** GIVEN DATA follows **

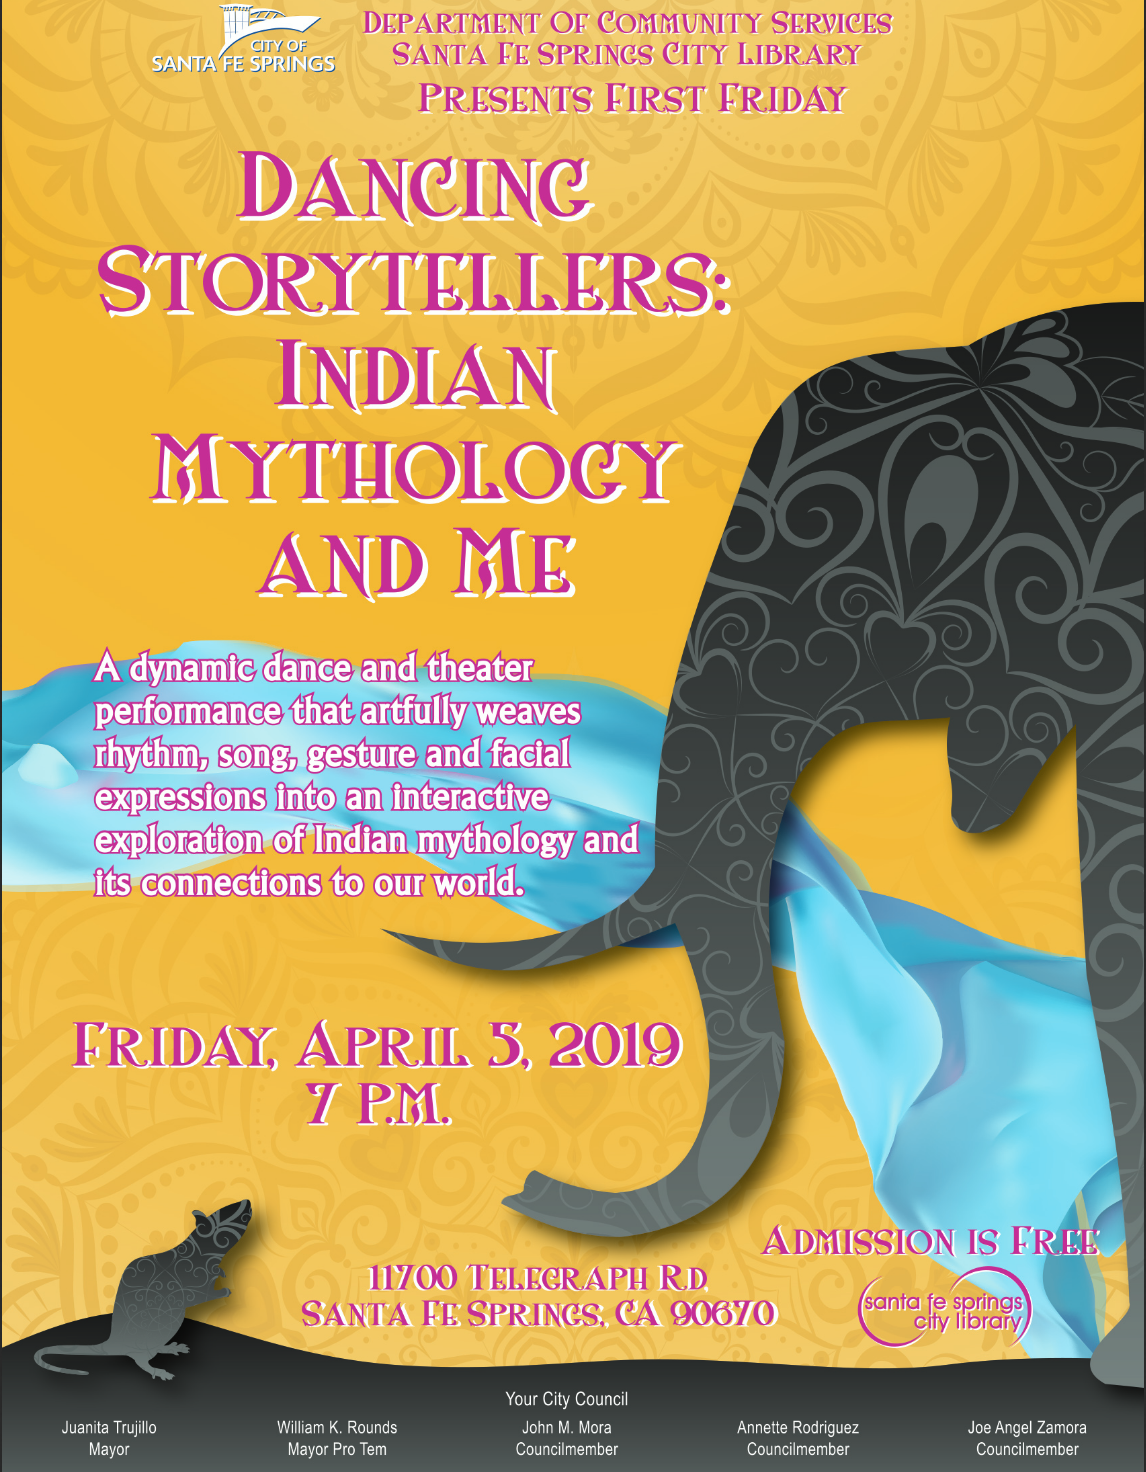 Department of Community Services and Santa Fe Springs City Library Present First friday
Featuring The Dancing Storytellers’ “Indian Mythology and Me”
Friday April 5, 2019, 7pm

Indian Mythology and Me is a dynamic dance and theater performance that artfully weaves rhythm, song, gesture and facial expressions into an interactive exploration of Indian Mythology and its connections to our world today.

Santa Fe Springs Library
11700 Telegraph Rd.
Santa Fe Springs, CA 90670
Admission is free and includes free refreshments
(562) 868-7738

** End of GIVEN DATA **

**PROBLEM REQUIREMENTS**:
The lines from the one containing "Indian Mythology and Me is" through the end of the data are to be copied exactly, the first and last of them included.

**ANSWER TO THIS TASK**:
Indian Mythology and Me is a dynamic dance and theater performance that artfully weaves rhythm, song, gesture and facial expressions into an interactive exploration of Indian Mythology and its connections to our world today.

Santa Fe Springs Library
11700 Telegraph Rd.
Santa Fe Springs, CA 90670
Admission is free and includes free refreshments
(562) 868-7738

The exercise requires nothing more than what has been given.